— Нет, — категорически отрезал Рори. — Уж в нем-то она меньше всего нуждается.
Он взял меня на руки и понес наверх.
— Ты надорвешься, — пробормотала я, когда он споткнулся на верхней ступеньке. Слава Богу, в больнице я порядком похудела.
Рори ногой распахнул дверь парадной спальни. В камине пылал огонь. Пурпурное покрывало на кровати было откинуто. Комнату заполнял аромат фрезий.
— Но эту спальню приготовили для Марселлы, — сказала я.
— Она может спать в другой, — Рори уложил меня на постель и начал расстегивать «молнию» на моем платье.
— Я сама, — проговорила я, запинаясь и отстраняясь от него.
Рори нахмурился.
— Ты меня так ненавидишь, что не терпишь даже моего прикосновения?
— Нет… я хочу сказать…
— Что ты хочешь сказать?
Напряжение становилось невыносимым.
— Я не могу объяснить.
Он пожал плечами.
— Будь по-твоему. Я возьму для тебя у матери пару таблеток снотворного.
Я села в постели, закрыв лицо руками. Мне было дурно. Как я могла объяснить ему, что стоит ему притронуться ко мне — и я пропала. Теряя последний рассудок от вожделения, я скажу ему, что люблю его, что жить без него не могу — все то, чего он на дух не выносит.
Снотворное Коко оказалось очень эффективным. Я проспала до полудня. Солнечные лучи проникали сквозь занавески, стояла тишина, нарушаемая только настойчивым пением дрозда да случайным щелчком клюшки по мячу для гольфа в саду.
В камине горел огонь. Аромат фрезий ощущался еще более явственно. Вальтер Скотт растянулся у меня в ногах. Какая миленькая комната, подумала я. Какое-то мгновение я пребывала в эйфории, порожденной снотворным, но постепенно события вчерашнего вечера просочились в мое сознание. Сначала появилась сестра Коко, а потом этот великолепный русский, оказавшийся отцом Рори, а потом до меня дошло, что Рори вовсе не брат Марины и ничего не может помешать им теперь пожениться и иметь кучу потрясающих детей. О Господи, извивалась я на подушках, плохи мои дела.

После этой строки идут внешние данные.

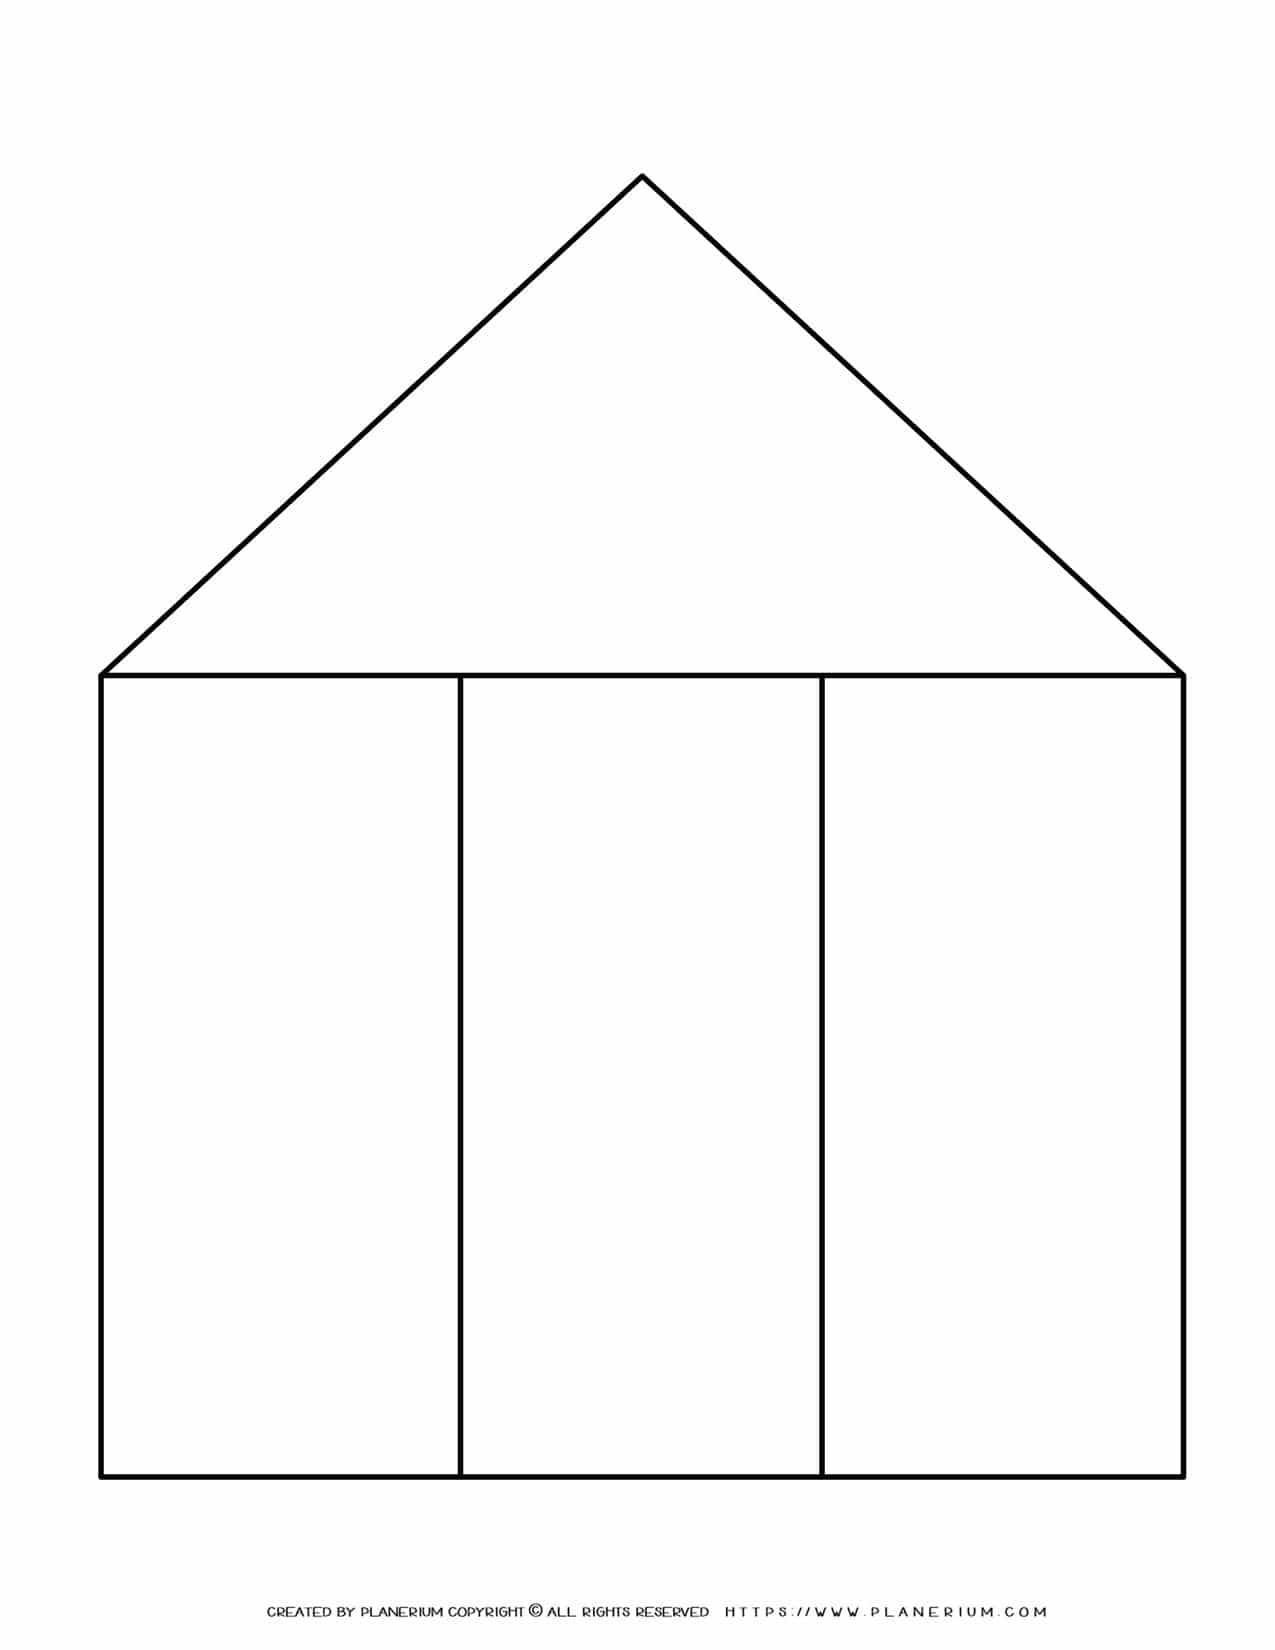 Graphic Organizer Templates - House Chart with Three Columns | Planerium

Что мне делать дальше? Прошлый месяц был не из легких. Рори и я не спали вместе, но по крайней мере посмеялись раз-другой, и, хоть он и не любил меня так, как Марину, он искренне старался как-то наладить наши отношения. И тут мне на память пришли вчерашние слова Марины: «Не будь он мой брат, он бы вас тут же бросил».
Я долго лежала с невыносимо тяжелым чувством, потом встала и отдернула занавеси. День был прекрасный, море сверкало, лиственницы покачивали бледно-зелеными ветвями на фоне голубого неба. Солнце согревало мои волосы, разглаживало легкие морщинки на лице, оставшиеся после ночи.
Я отошла от окна и замерла у зеркала, изучая свою фигуру. Единственной компенсацией за душевные муки была потеря веса. Я забыла на минуту все свое уныние, любуясь своим плоским животом, а потом втянула щеки и, приняв надменное выражение фотомодели, приподнялась на цыпочки.
— Очень мило, — раздался голос от двери, — ты еще когда-нибудь попадешь на обложку «Плейбоя».
Это был Рори. Зардевшись от смущения, я схватила полотенце, чтобы закрыться.
— Не надо, — сказал он, прикрывая дверь. Он казался в высшей степени довольным собой. Я с отчаянием подумала, уж не провел ли он ночь с Мариной.
— У тебя вид получше, — сказал он, подходя ко мне.
Я попятилась.
— Ради Бога, Эм, прекрати шарахаться от меня, как испуганная лошадь.
На нем был темно-синий свитер и старые джинсы, перепачканные краской; волосы ему взъерошил ветер: он был настолько хорош, что я почувствовала, как будто внутри у меня все растаяло. Я опустила глаза, чтобы он не прочел в них откровенного желания. Я так его жаждала, что мне пришлось поспешно залезть обратно в постель и закрыться по шею простыней.
— Вот умница, — сказал Рори. — Просто жалость вставать в такой прекрасный день.
— А где все? — спросила я.
— Бродят по дому полуодетые и жалуются на похмелье.
Он сел на кровать и закурил.
— Тебя дым не беспокоит или тебе все еще не по себе?
Я покачала головой, удивленная таким необычным вниманием.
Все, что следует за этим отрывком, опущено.